Друзья! Мы не начнем свою речь из-за угла*, как это любили делать наши глубокомысленные и многозначительные отцы. Мы не будем говорить о духовном в искусстве**, как это сделал в свое время один из них. Мы еще не созрели для такого безумия. Но мы готовы поговорить о чем-нибудь другом. Например, о даблоидах.
Или про экзистенциальный лиризм образа эскалатора и про назревшую необходимость сценической эксплуатации – увы, уже после Николая Баскова - его невыносимо выразительной эскалации. Или же про уральскую поэтическую школу с ее показательной ротой гумилевских курсантов в количестве ста тридцати перьевых единиц. А также о ложно понятом гуманизме, плюрализме и консенсуcализме - которые в конечном итоге оборачиваются неуместной демократией в области тонких материй и деспотичных матерей. О толерантности мужского взгляда на женскую сексуальную распущенность при абсолютно невинном сознании этих недолговечных подснежников. О товарном фашизме и общероссийском национальном заговоре вполне успешных троечников. О технологии мгновенной заморозки ермолинских полуфабрикатов. Об эротических снах и хульных мыслях. Про хульные мысли – с особым, наклоном в тридцать два градуса, пиететом.
Без всякого пиетета – об отвратительной форме сезонного олимпийского помешательства в образе снующих средь бела дня по городам и весям нашей отчизны безумных факельщиков, распространяющих опасную и немыслимо дорогостоящую бациллу олимпийской заразы. В конце концов всегда можно воспользоваться спасительным пассажем Джона Кейджа про то, что ему вообще нечего сказать. Причем он всегда недалек от истины – ибо нам – как и большинству из нас - действительно нечего сказать. Особенного и возвышенного.
From father:

Friends! We will not start our speech from around the corner *, as our thoughtful and significant fathers liked to do. We will not talk about the spiritual in art **, as one of them did in due time. We are not yet ripe for such madness. But we are ready to talk about something else. For example, about dabloids.

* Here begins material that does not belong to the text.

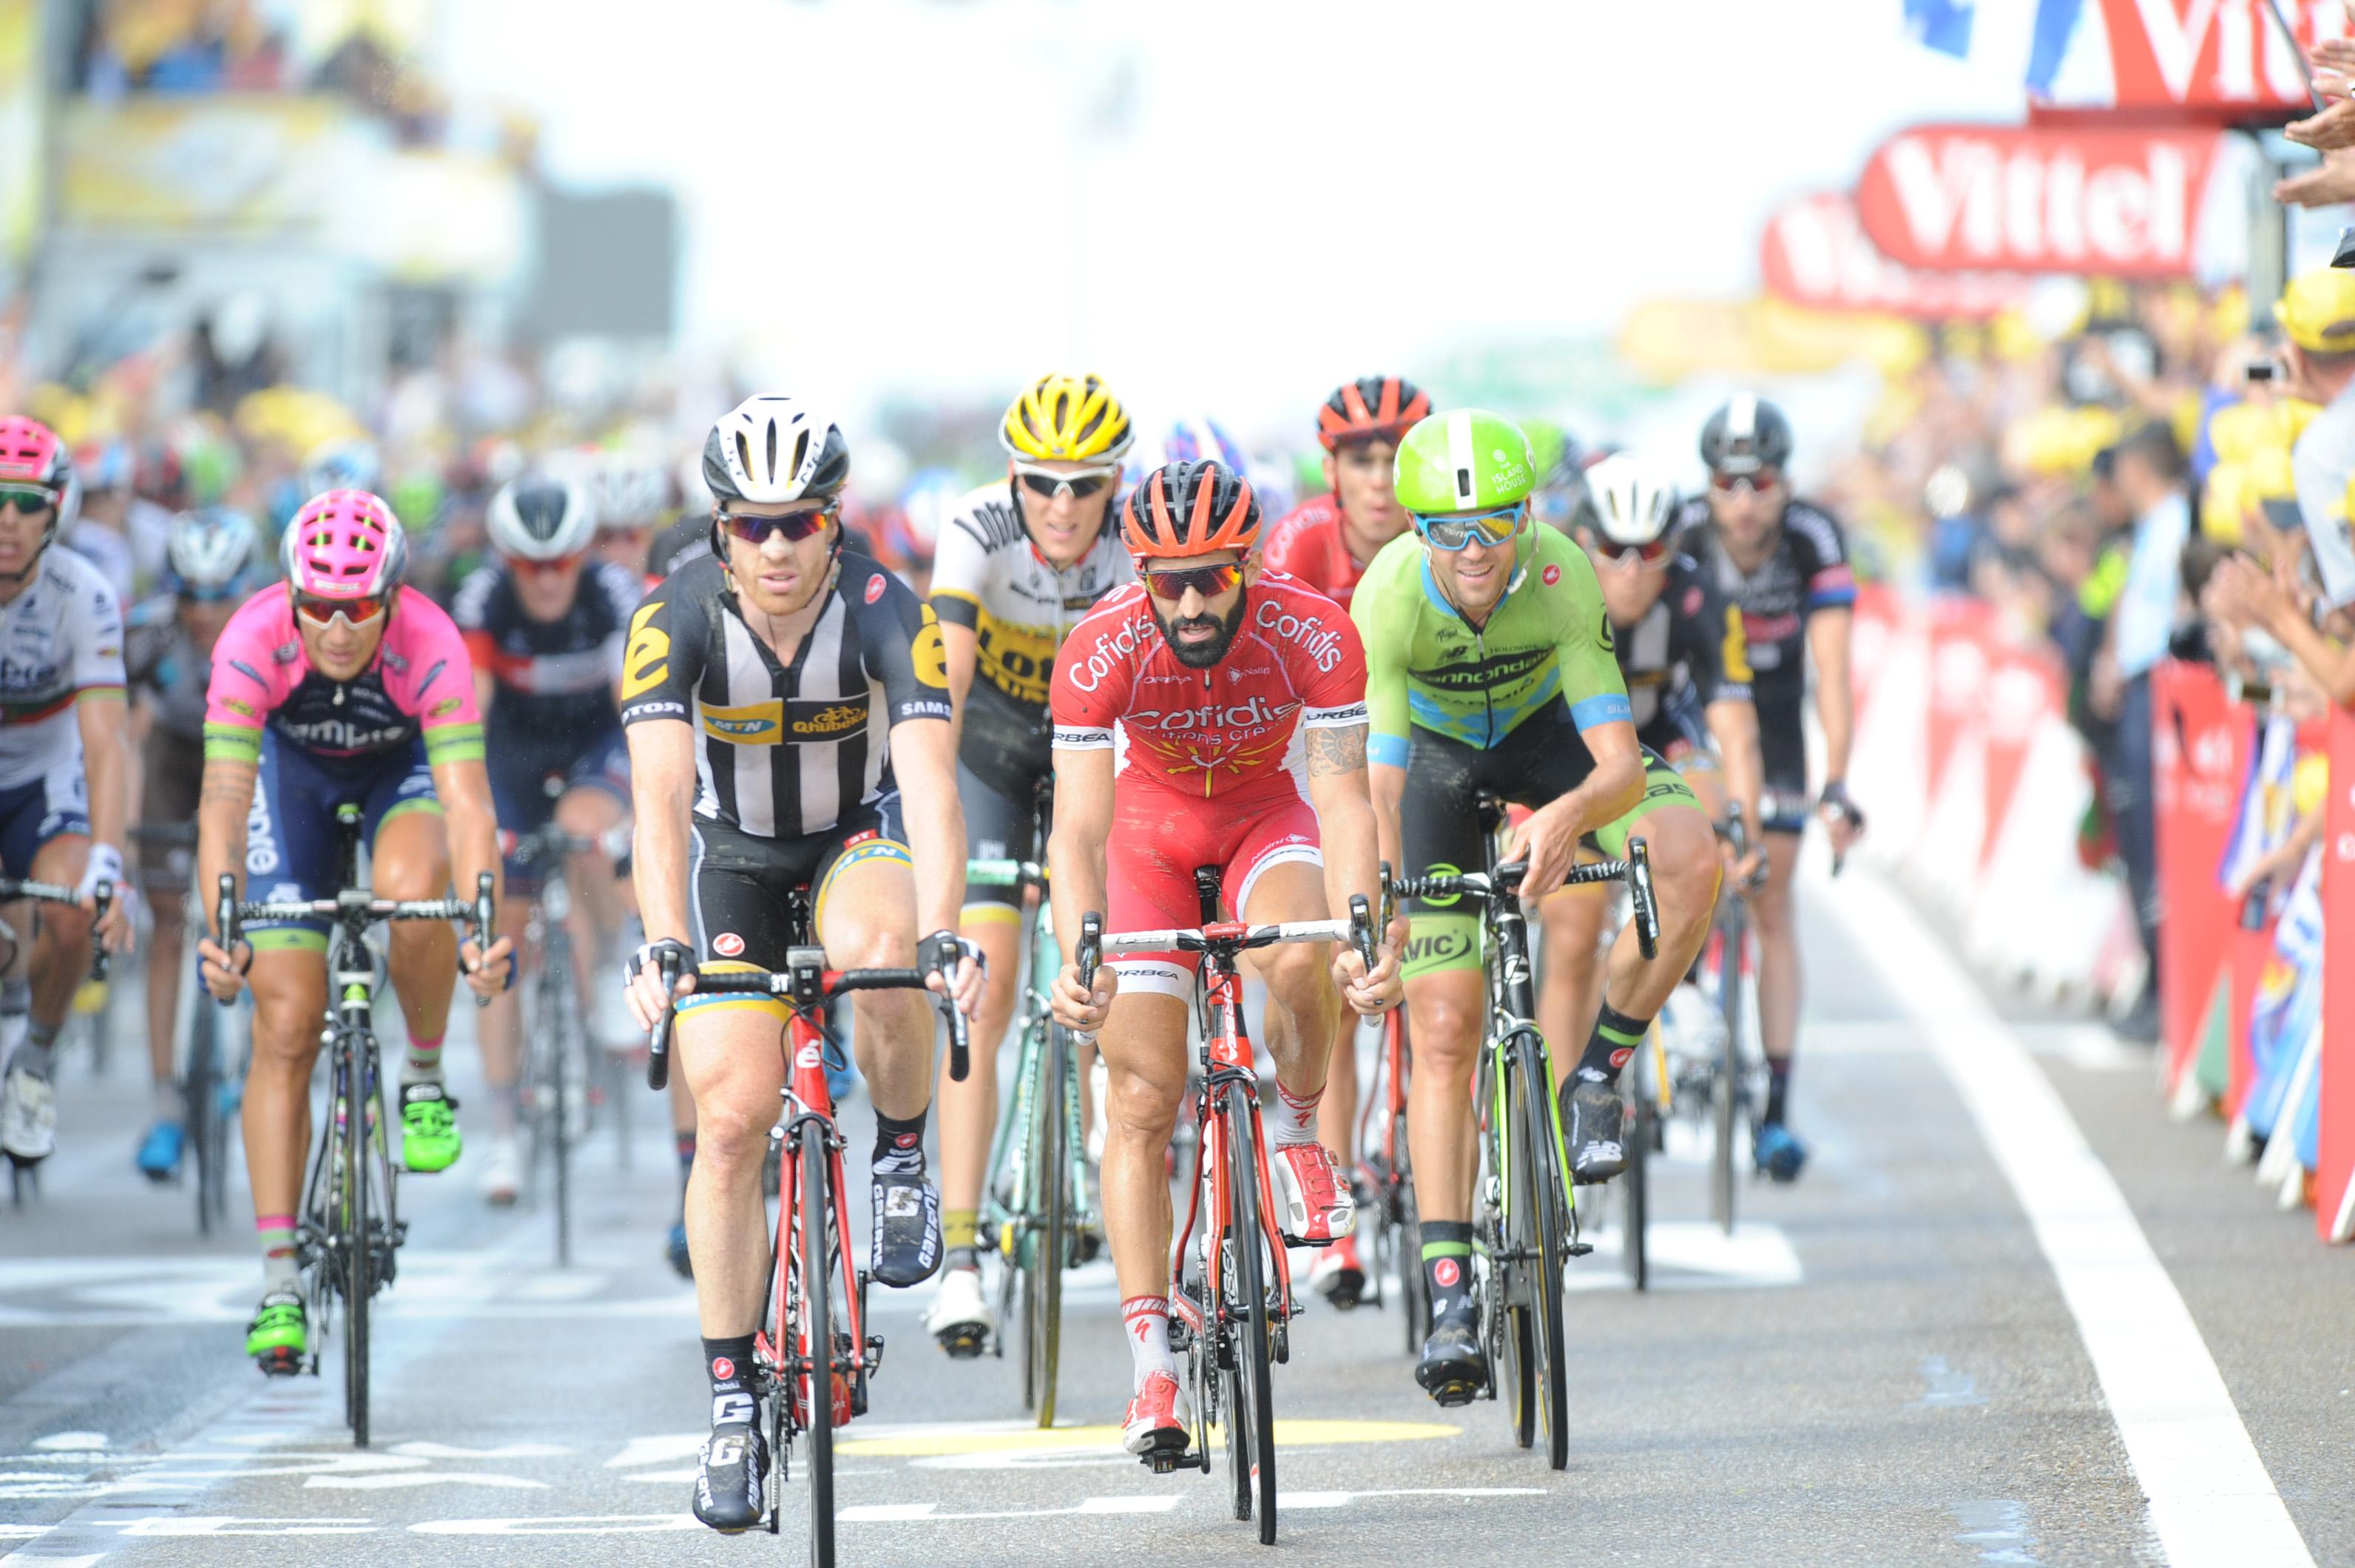 Eindrücke der 2. Etappe der Tour de France 2015.
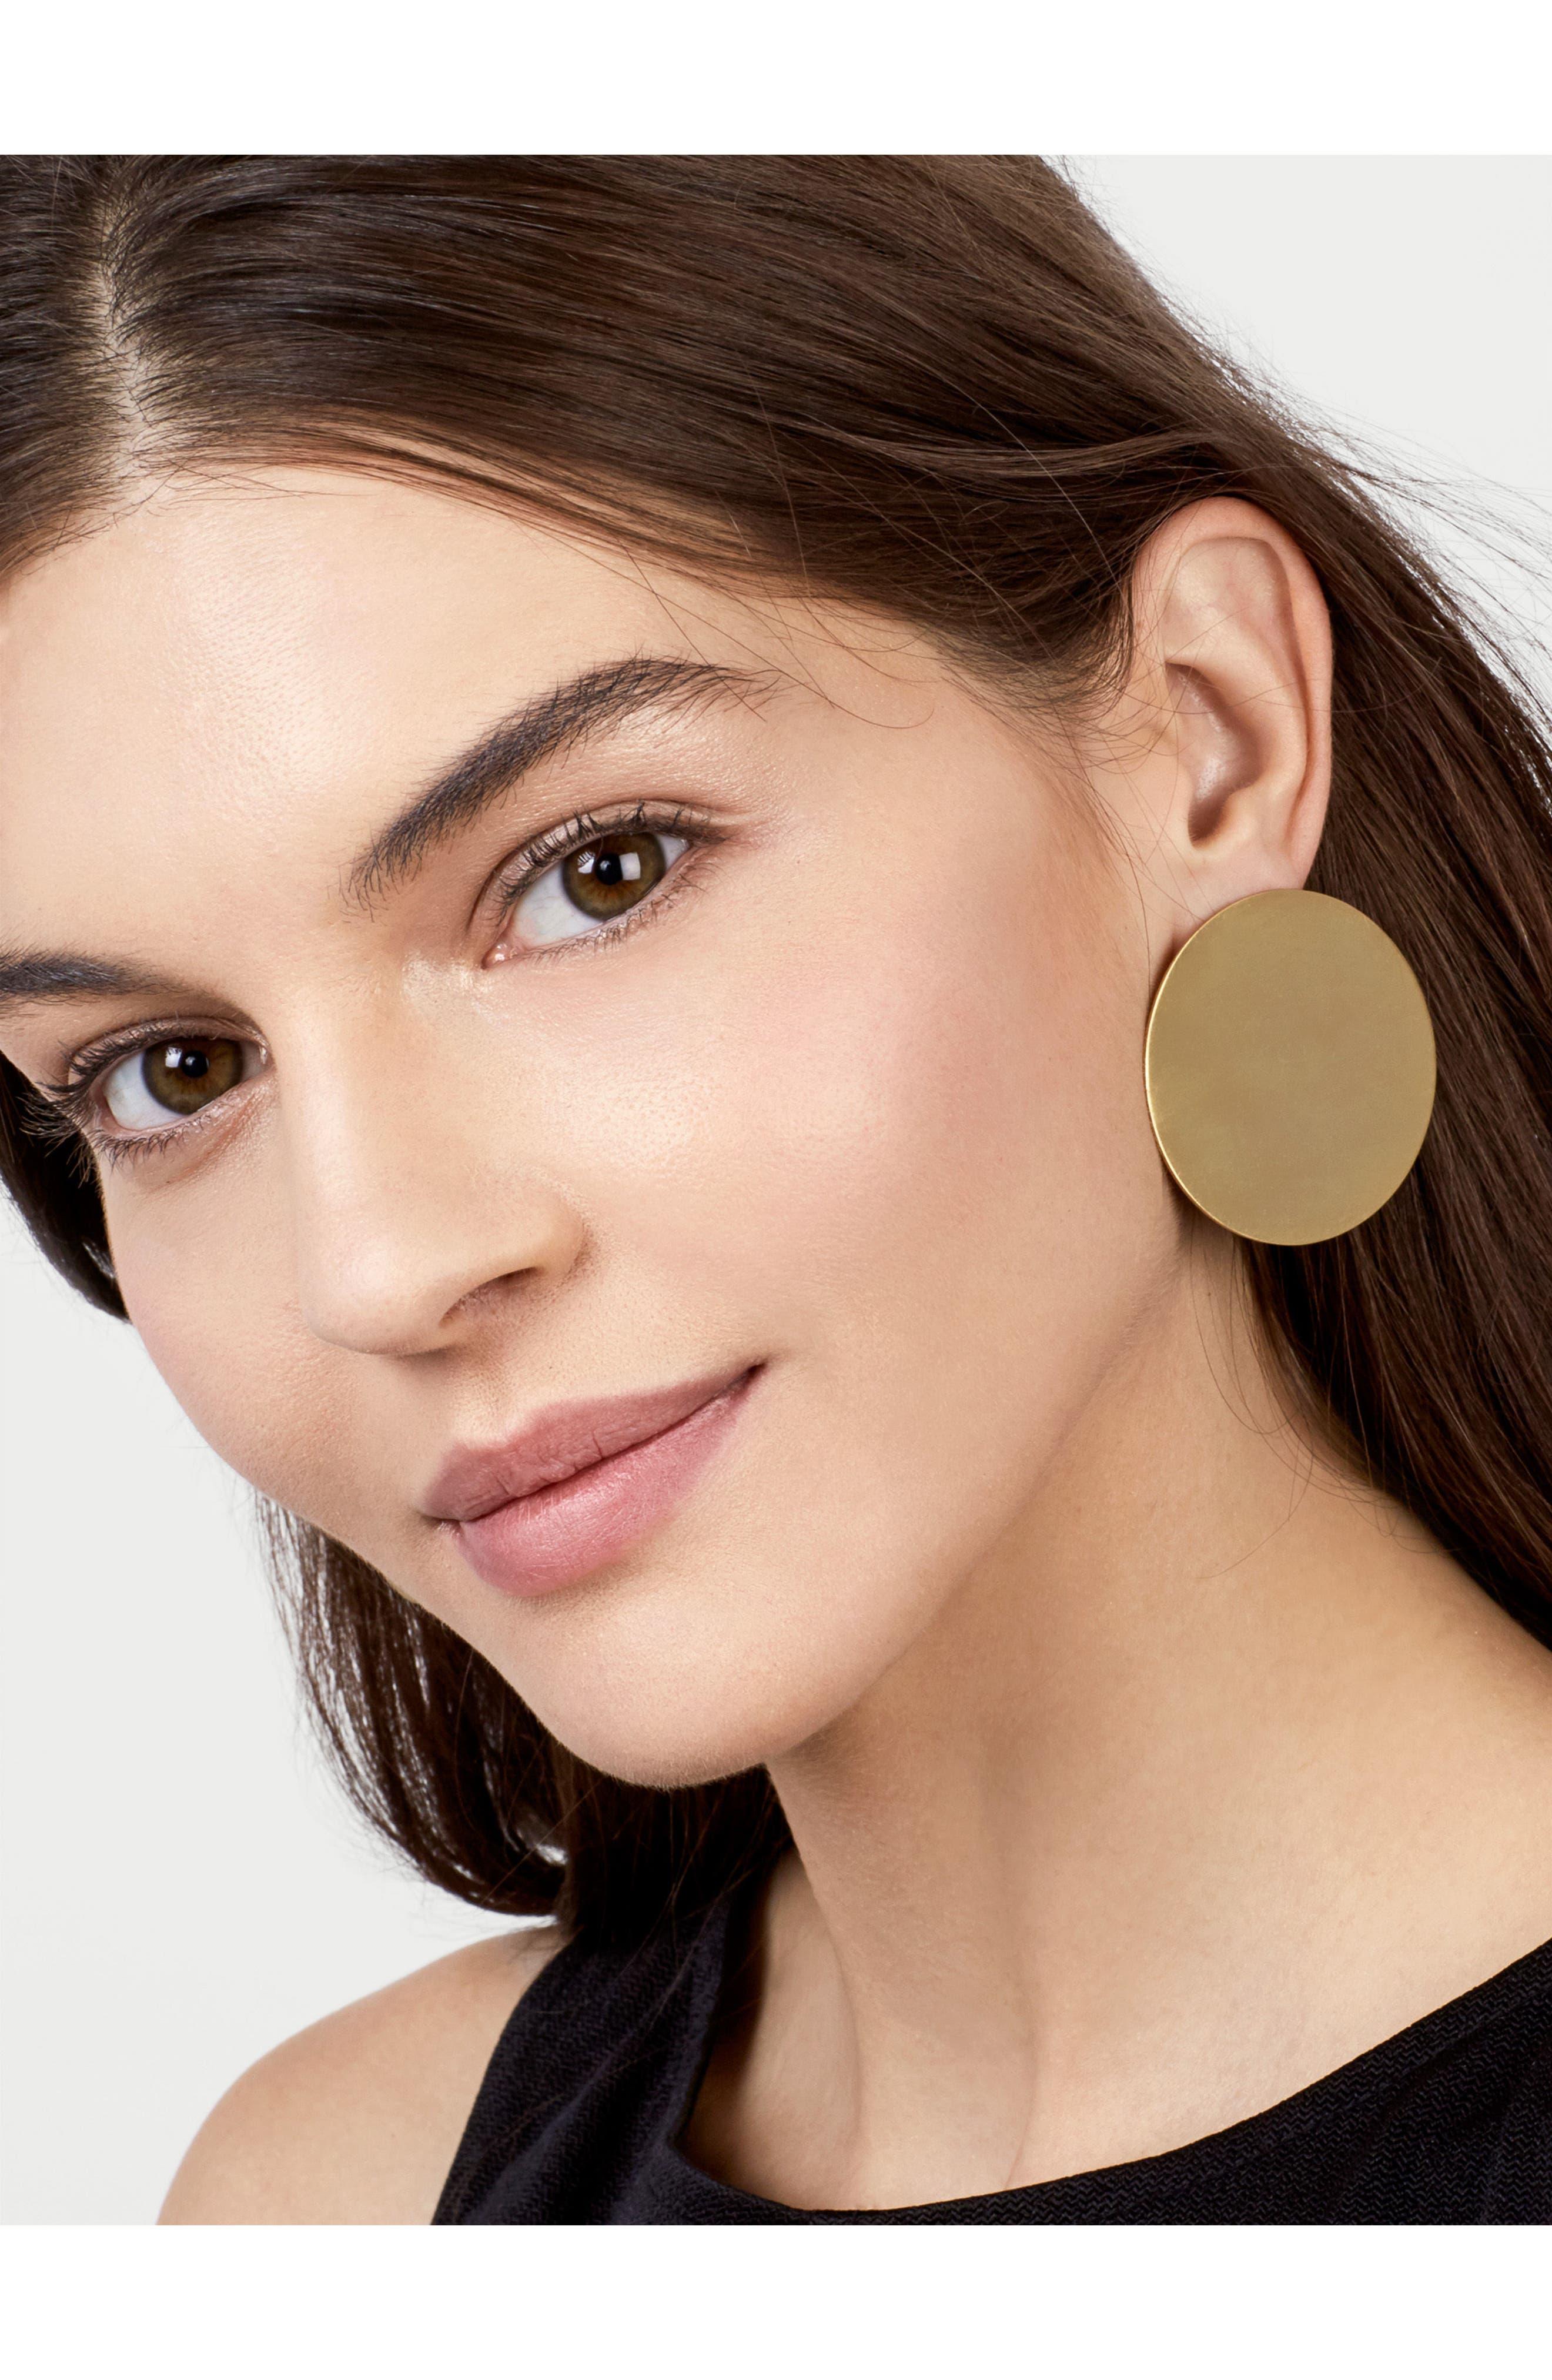 Cora Disk Stud Earrings,                             Alternate thumbnail 2, color,                             710

Or about the existential lyricism of the image of the escalator and the overdue need for stage exploitation - alas, after Nikolai Baskov - its unbearably expressive escalation. Or about the Ural poetry school with its exponential company of Gumilev cadets in the amount of one hundred and thirty feather units. And also about the falsely understood humanism, pluralism and consensualism - which ultimately turn into inappropriate democracy in the field of subtle matters and autocratic mothers. On the tolerance of the male view of female sexual licentiousness with the absolutely innocent consciousness of these short-lived snowdrops. About commodity fascism and the all-Russian national conspiracy of quite successful troeches. On the technology of instant freezing Yermolinsky semi-finished products. About erotic dreams and blasphemous thoughts. About blasphemy thoughts - with a special inclination of thirty-two degrees, reverence.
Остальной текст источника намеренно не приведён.